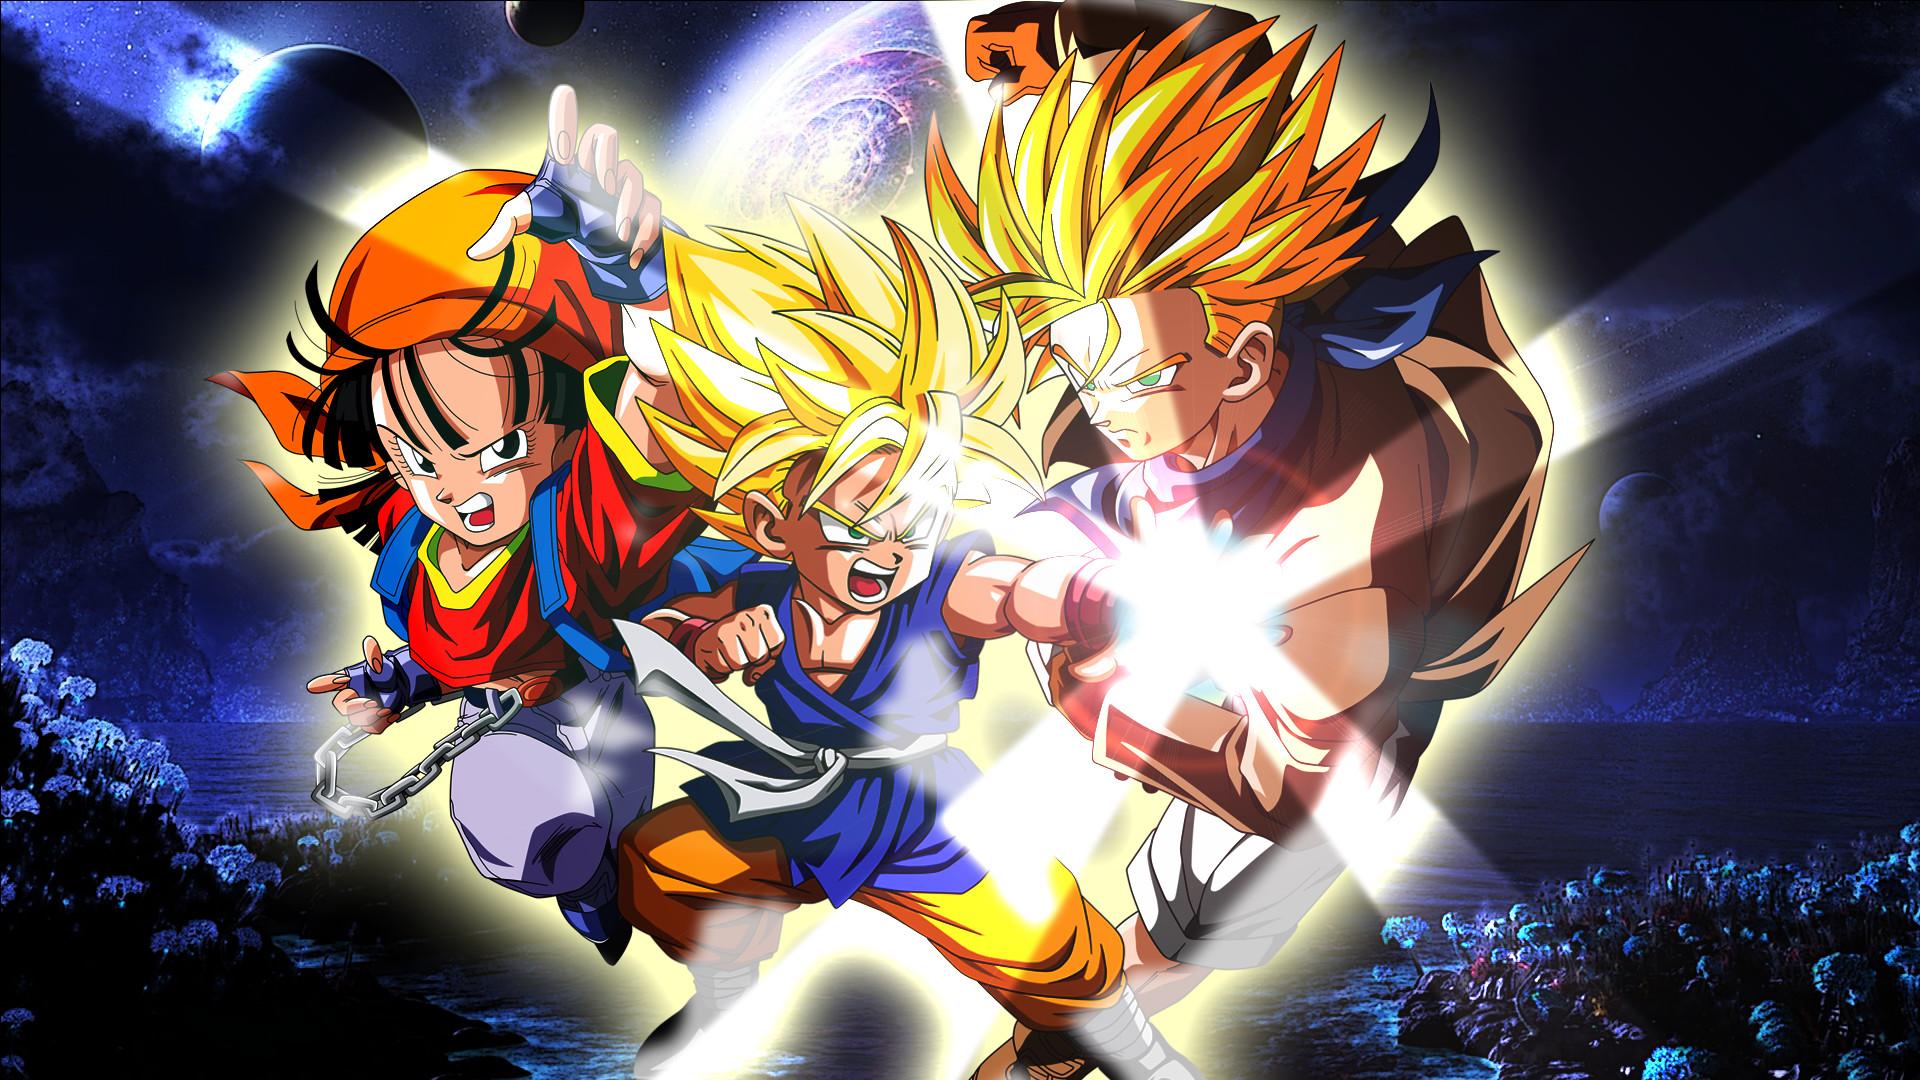 Dragon Ball Z Trunks Wallpaper 66 Images
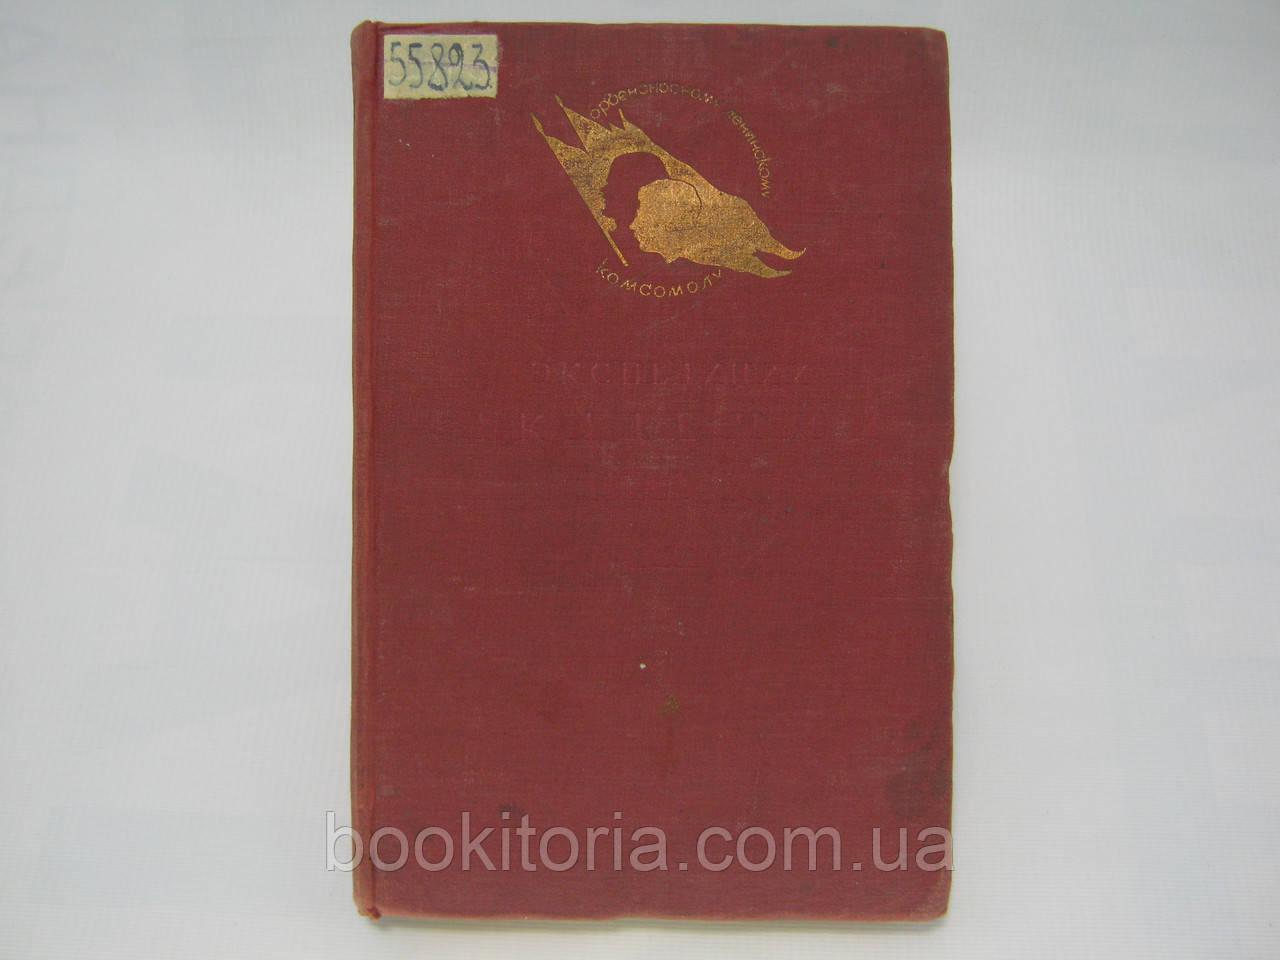 Экспедиции Академии наук СССР. 1934 год (б/у).
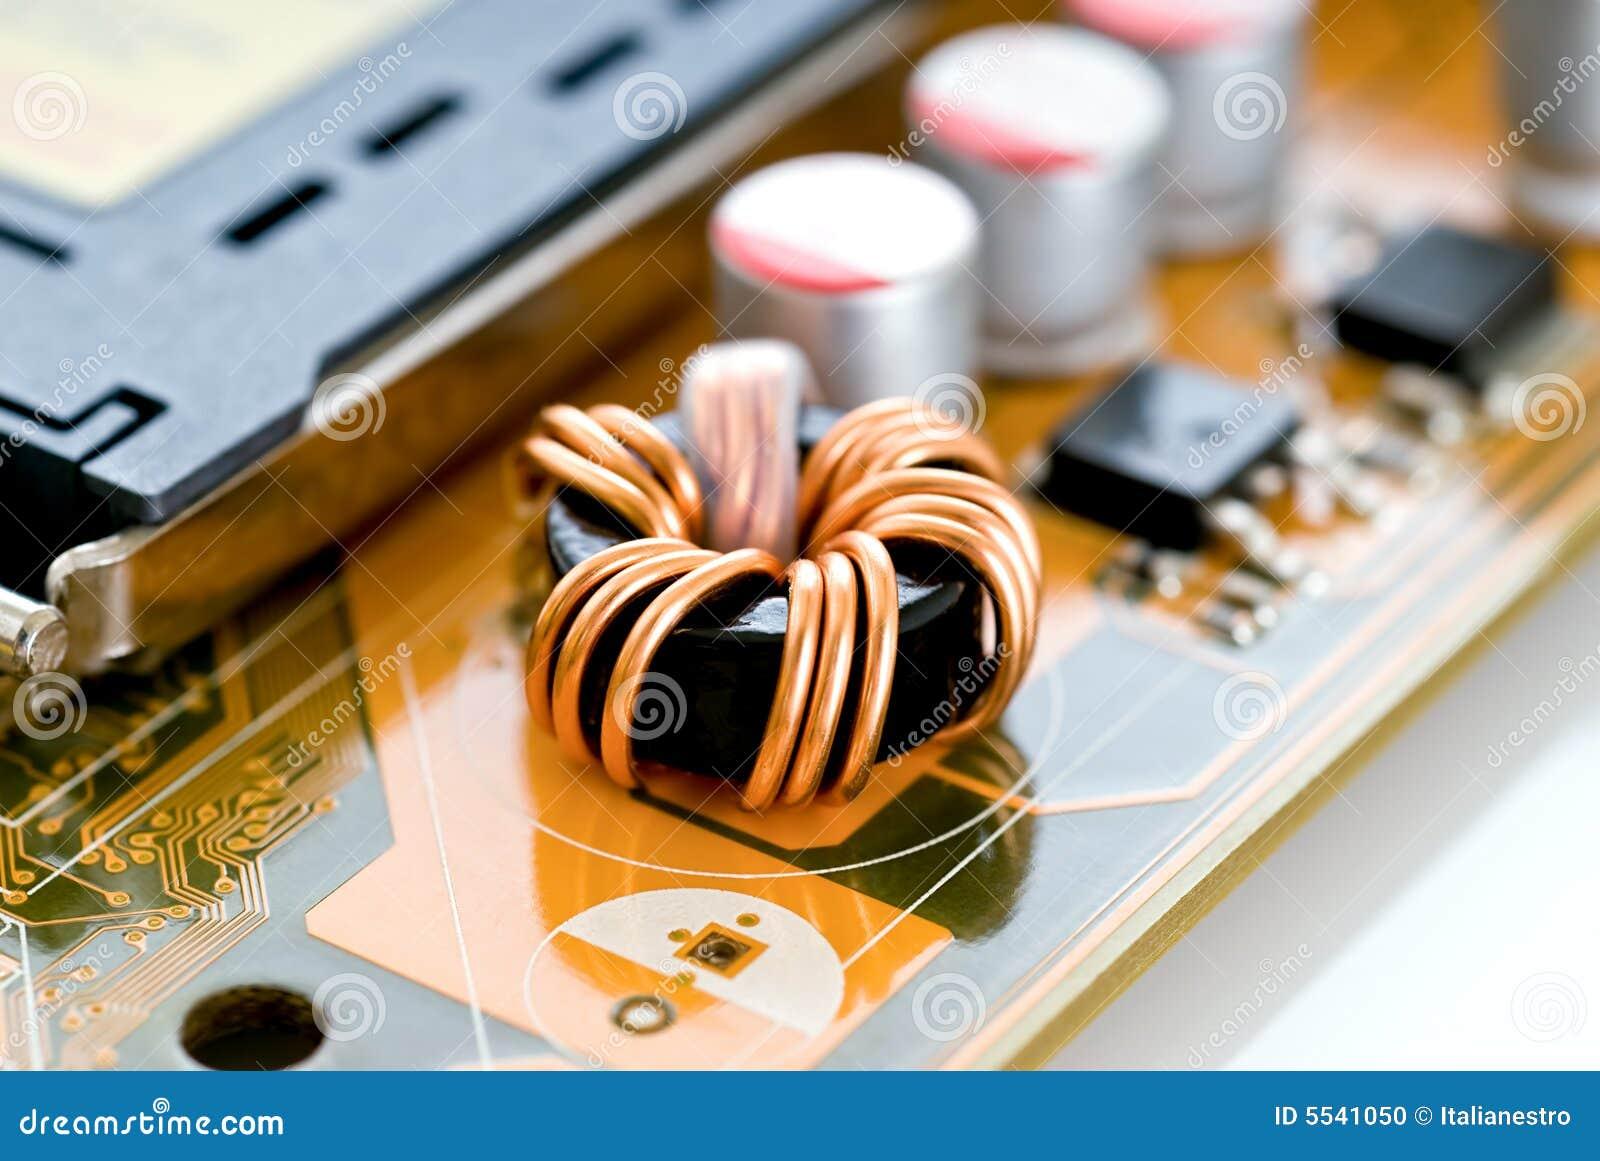 συστατικά ηλεκτρονικά
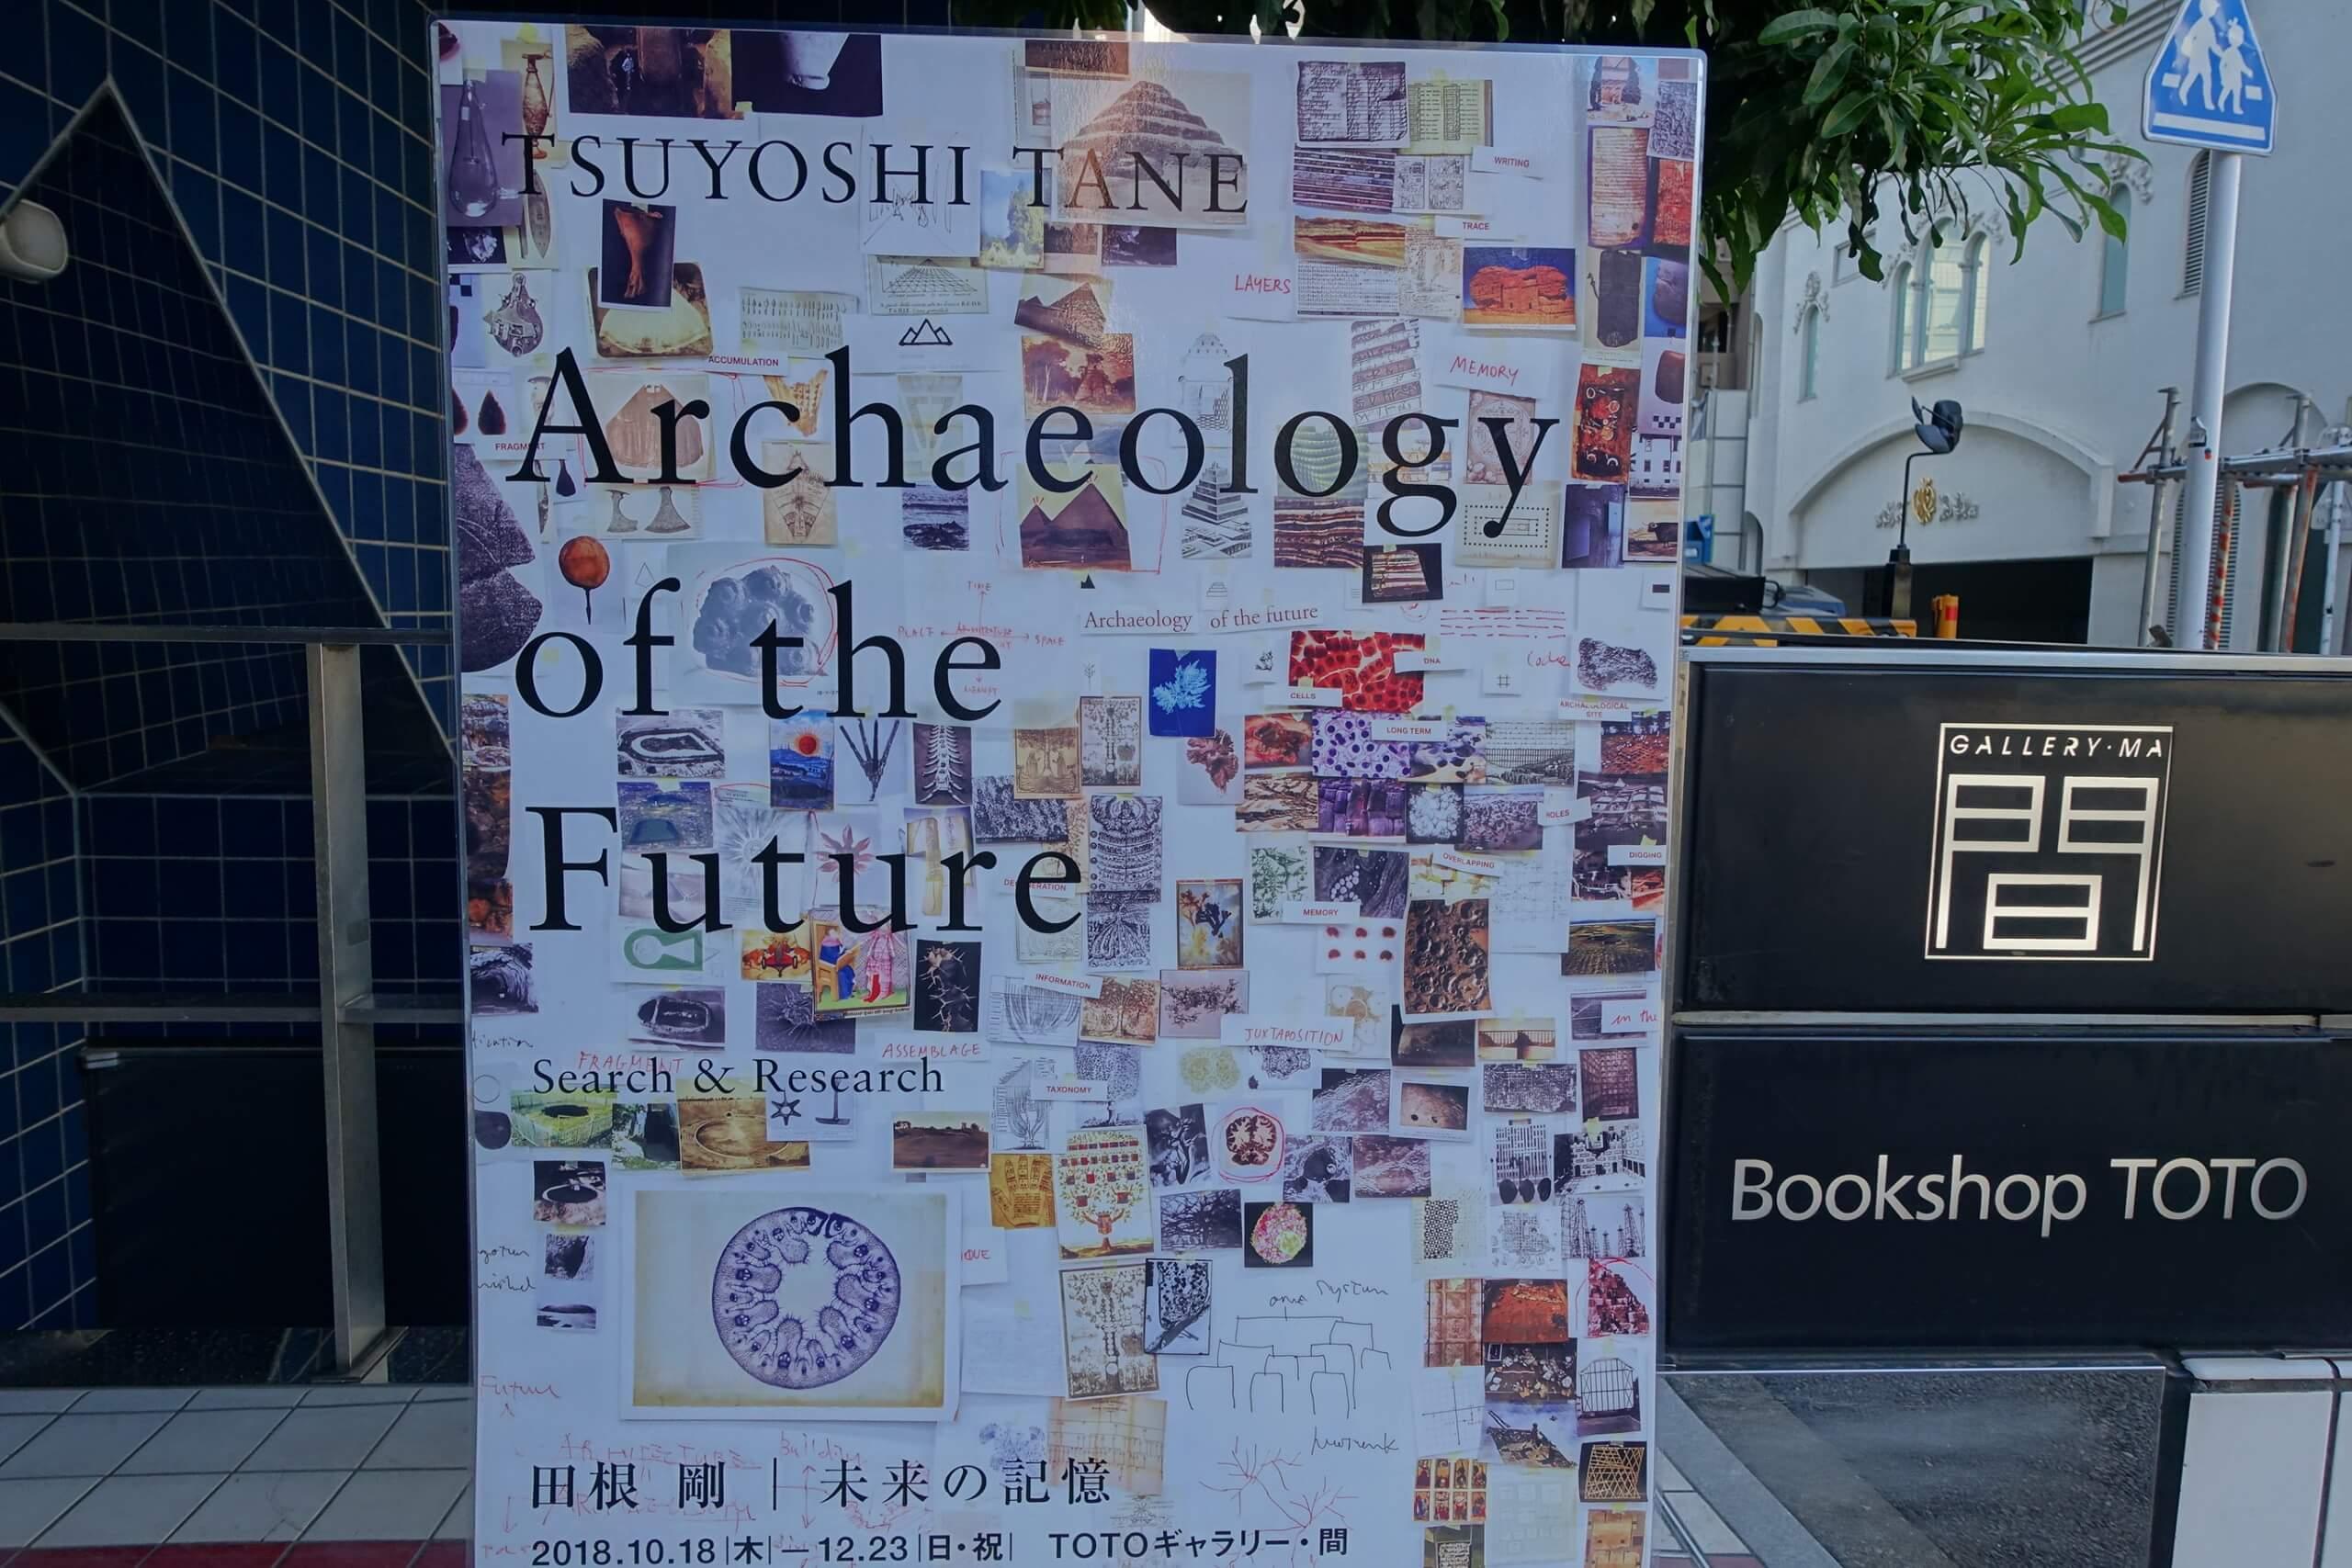 田根 剛 未来の記憶 Archaeology of the Future―Search & Research@TOTOギャラリー間

_Work to be completed:_ All of the lines above should be copied exactly, apart from the pictures.

_Task output:_
 Dragon Ball Z Trunks Wallpaper 66 Images
 Экспедиции Академии наук СССР. 1934 год (б/у).
 συστατικά ηλεκτρονικά
 田根 剛 未来の記憶 Archaeology of the Future―Search & Research@TOTOギャラリー間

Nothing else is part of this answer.